Abstract

AFP appears to be negative in about 30% of overall hepatocellular carcinoma (HCC). Our study aimed to develop a nomogram model to diagnose AFP-negative HCC (AFPN-HCC). The training set included 294 AFPN-HCC patients, 159 healthy objects, 63 patients with chronic hepatitis B(CHB), and 64 patients with liver cirrhosis (LC). And the validation set enrolled 137 healthy controls objects, 47 CHB patients and 45 patients with LC. LASSO, univariate, and multivariable logistic regression analysis were performed to construct the model and then transformed into a visualized nomogram. The receiver operating characteristic (ROC) curves, the calibration curve, decision curve analysis (DCA), and clinical impact curve (CIC) were further used for validation.
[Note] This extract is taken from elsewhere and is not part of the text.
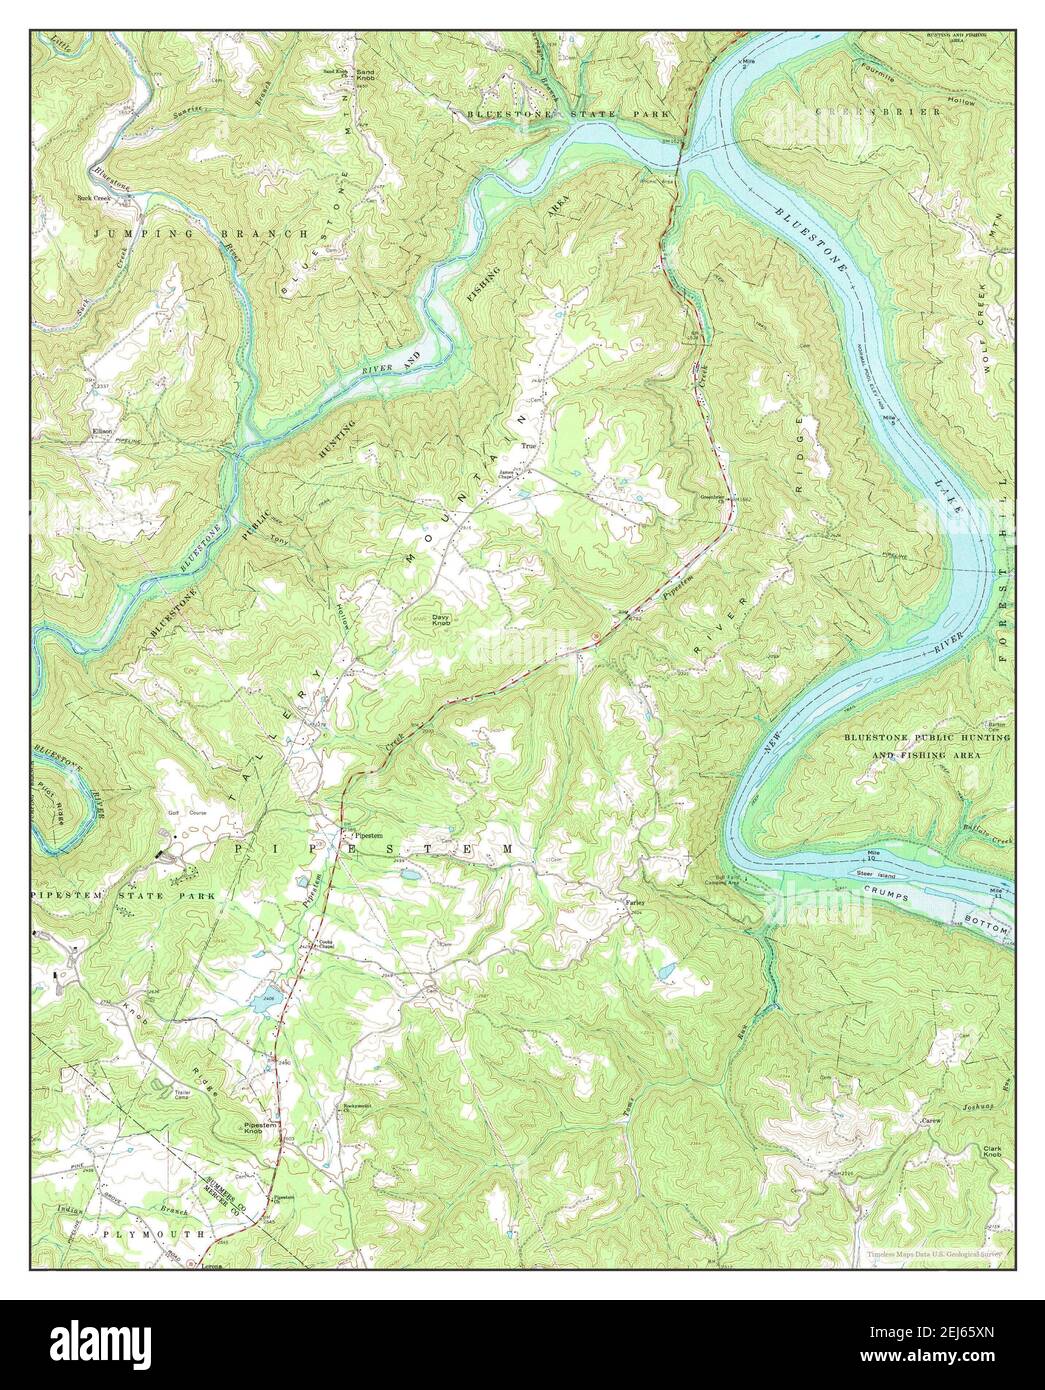 Pipestem, West Virginia, map 1968, 1:24000, United States of America by Timeless Maps, data U.S. Geological Survey Stock Photo

Four variables including age, PIVKA-II, platelet (PLT) counts, and prothrombin time (PT) were selected to establish the nomogram. The area under the curve (AUC) of the ROC to distinguish AFPN-HCC patients was 0.937(95% CI 0.892-0.938) in training set and 0.942(95% CI 0.921-0.963) in validation set. We also found that the model had high diagnostic value for small-size HCC (tumor size < 5cm) (AUC = 0.886) and HBV surface antigen-positive AFPN-HCC (AUC = 0.883). Our model was effective for discrimination of AFPN-HCC from patients with benign liver diseases and healthy controls, and might be helpful for the diagnosis for AFPN-HCC.